> **Task prompt**
In full and word for word, copy the listing; no pictures belong in the copy.

> **Information supplied**
»»

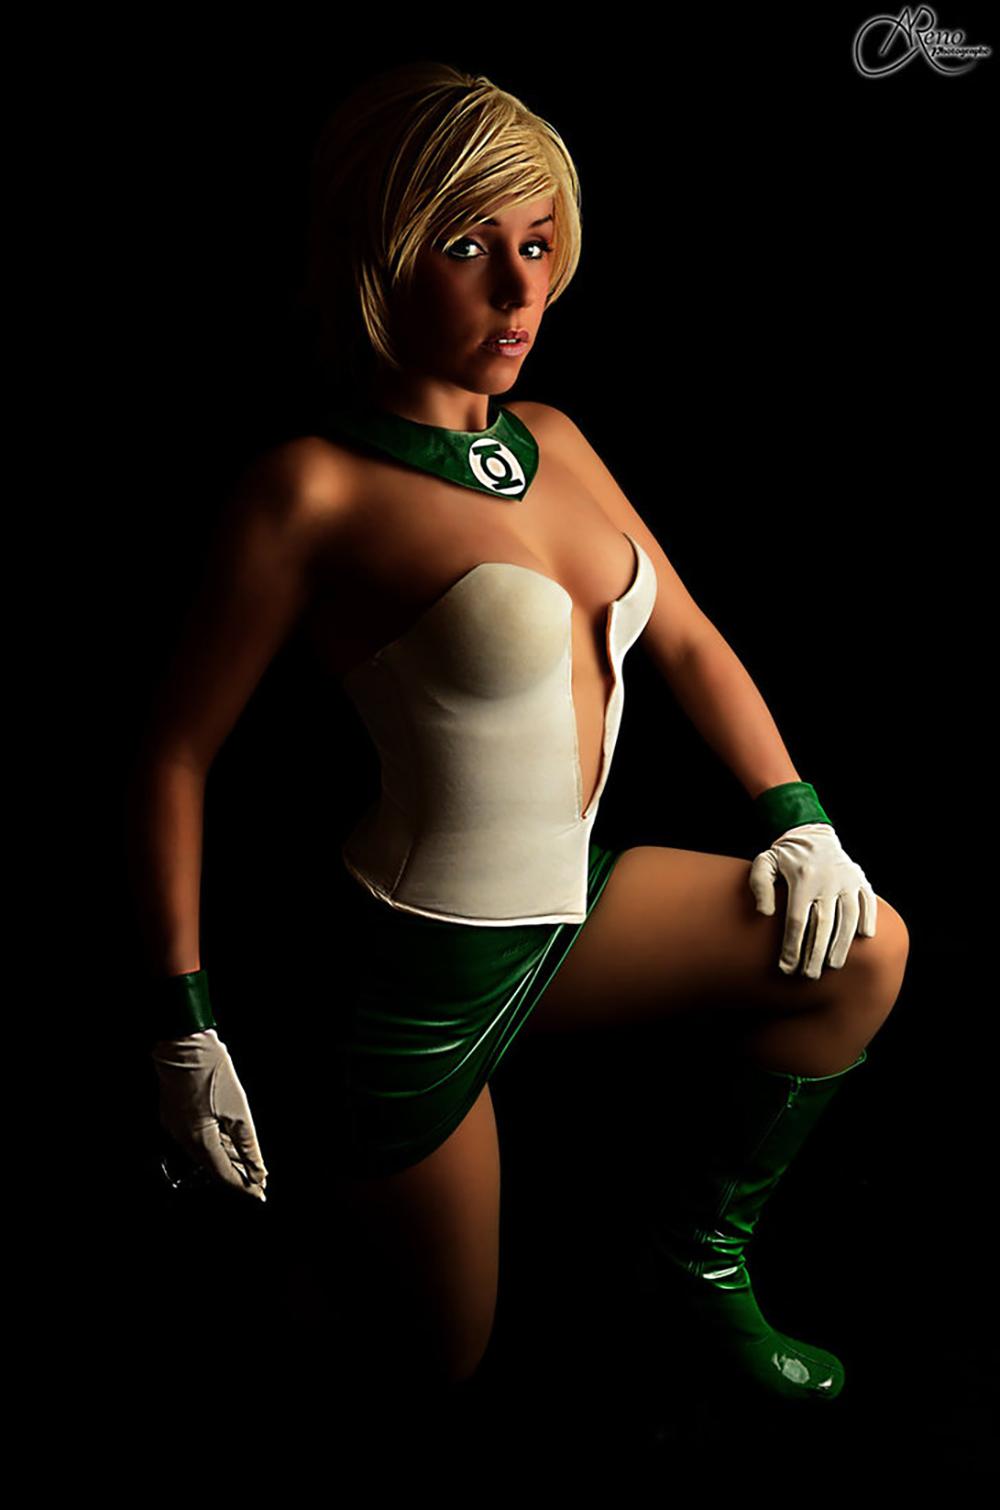 Arisa Green Lantern Cosplay clefchan
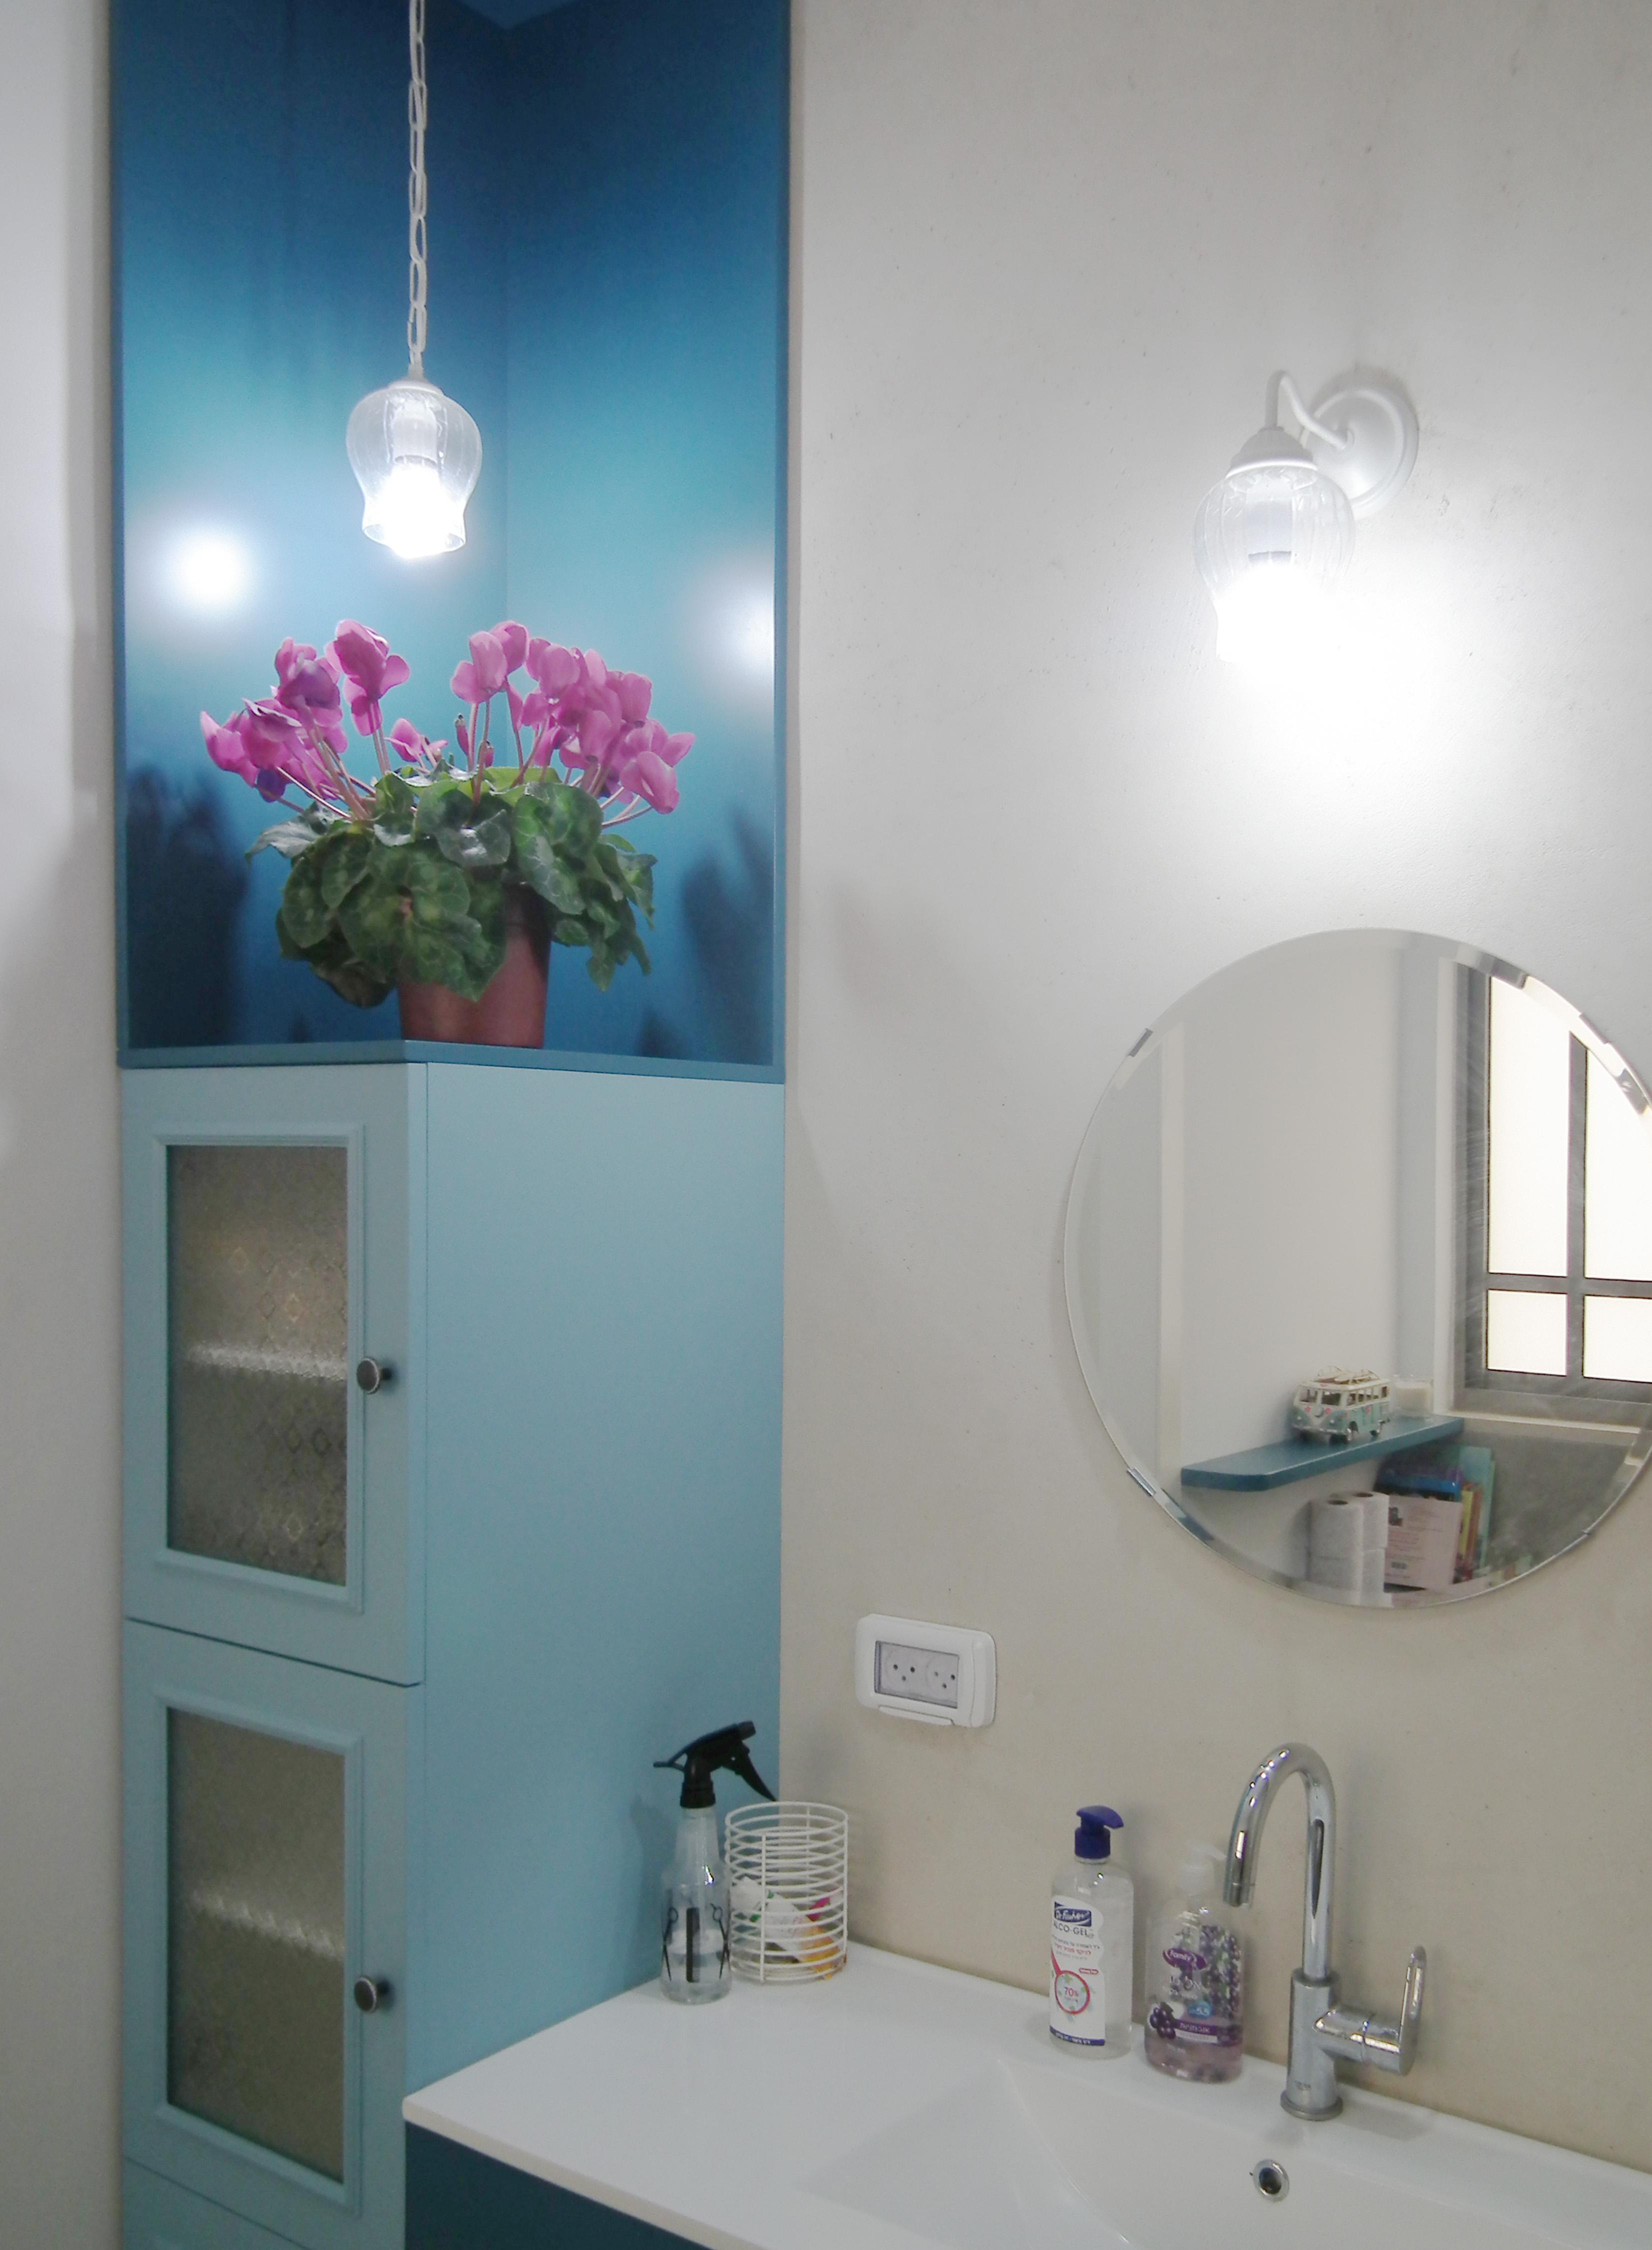 תאורה במקלחת
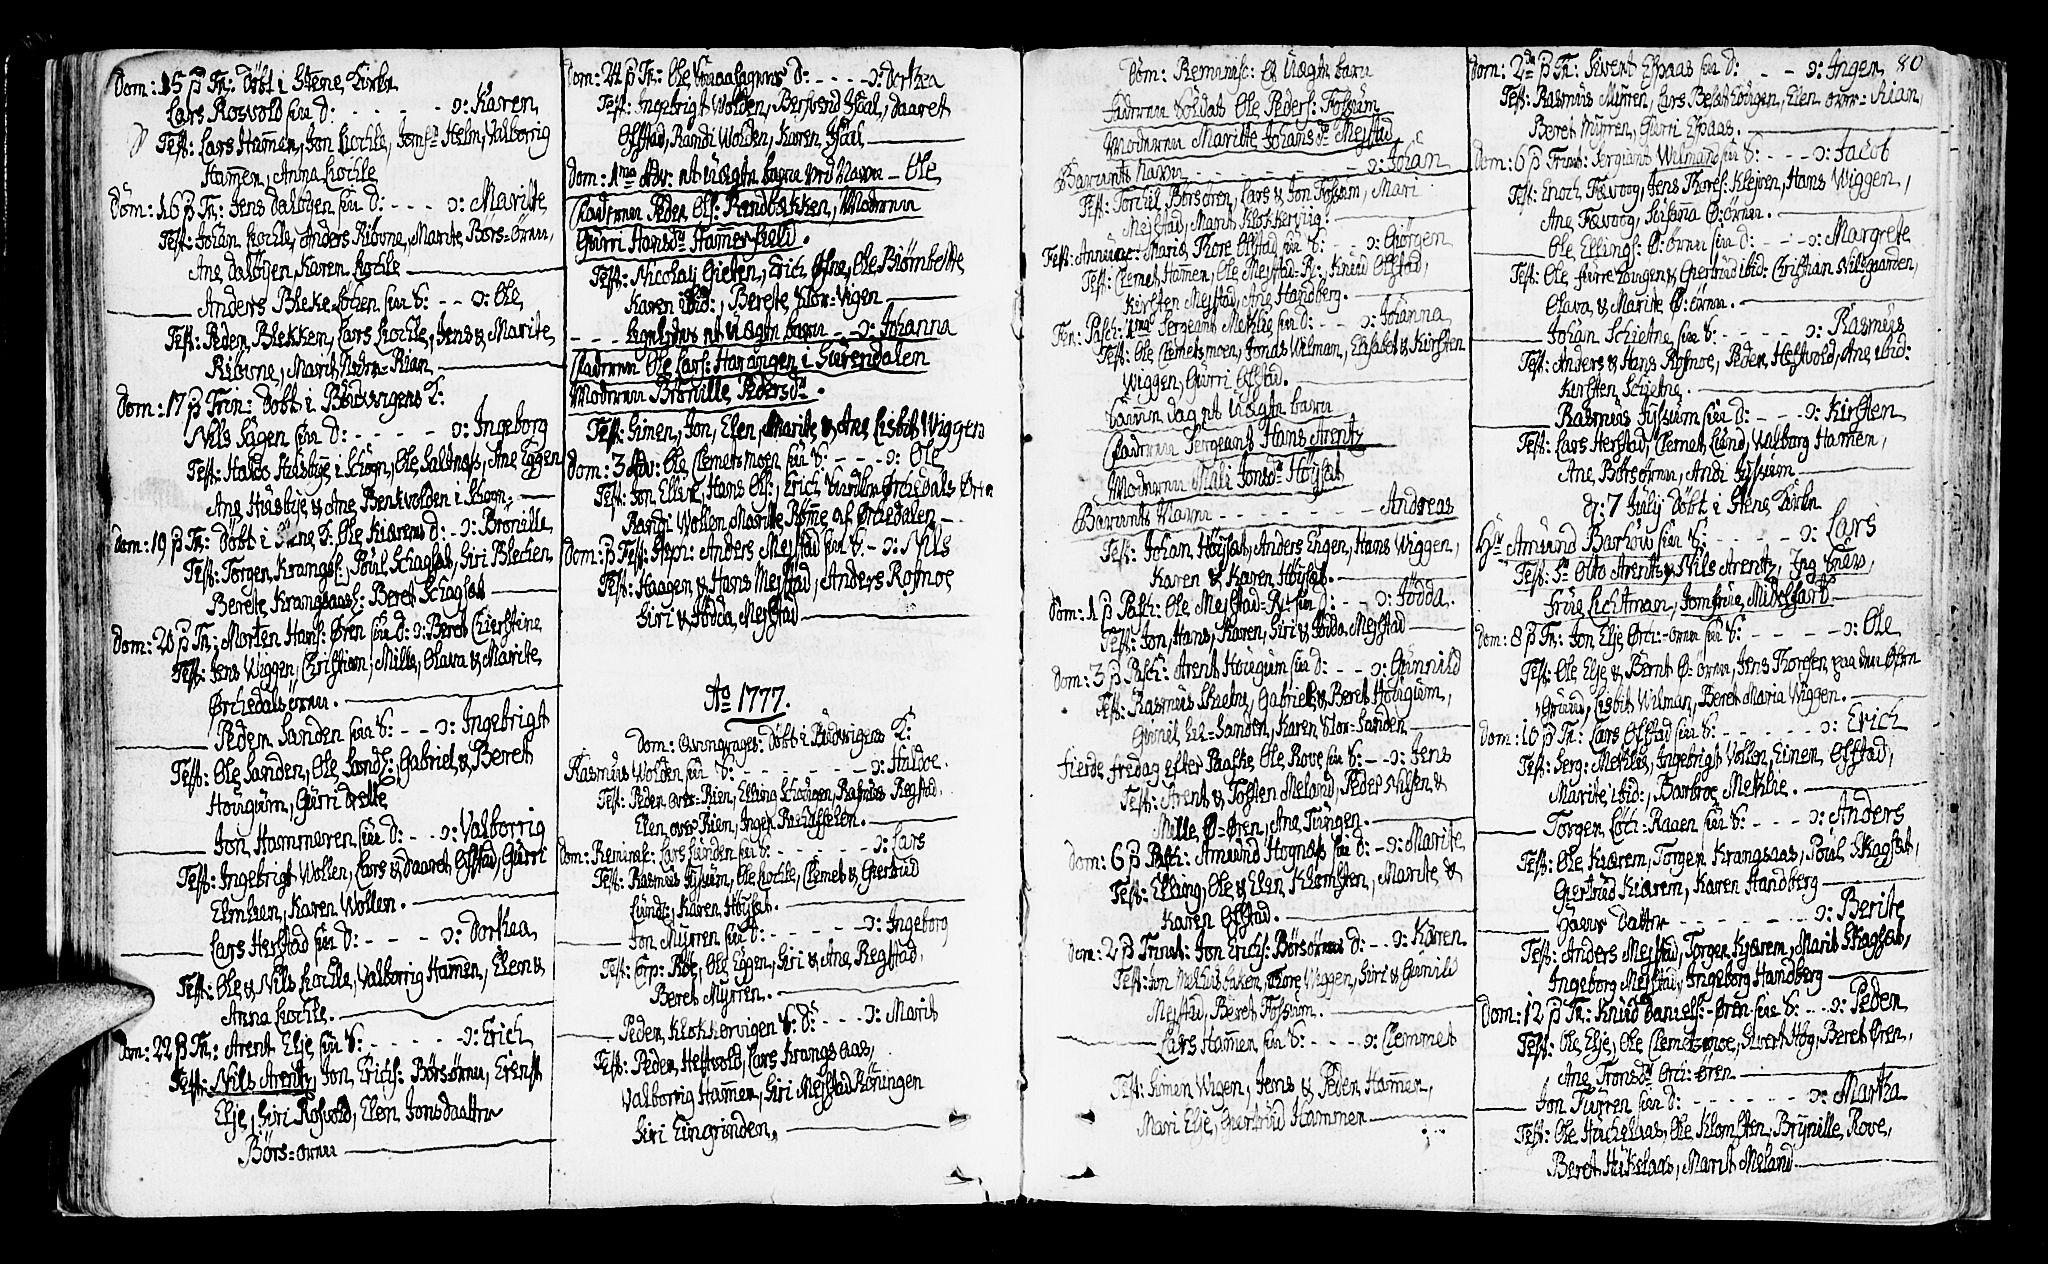 SAT, Ministerialprotokoller, klokkerbøker og fødselsregistre - Sør-Trøndelag, 665/L0768: Ministerialbok nr. 665A03, 1754-1803, s. 80

««

> **Output below**
 Arisa Green Lantern Cosplay clefchan
 תאורה במקלחת
 SAT, Ministerialprotokoller, klokkerbøker og fødselsregistre - Sør-Trøndelag, 665/L0768: Ministerialbok nr. 665A03, 1754-1803, s. 80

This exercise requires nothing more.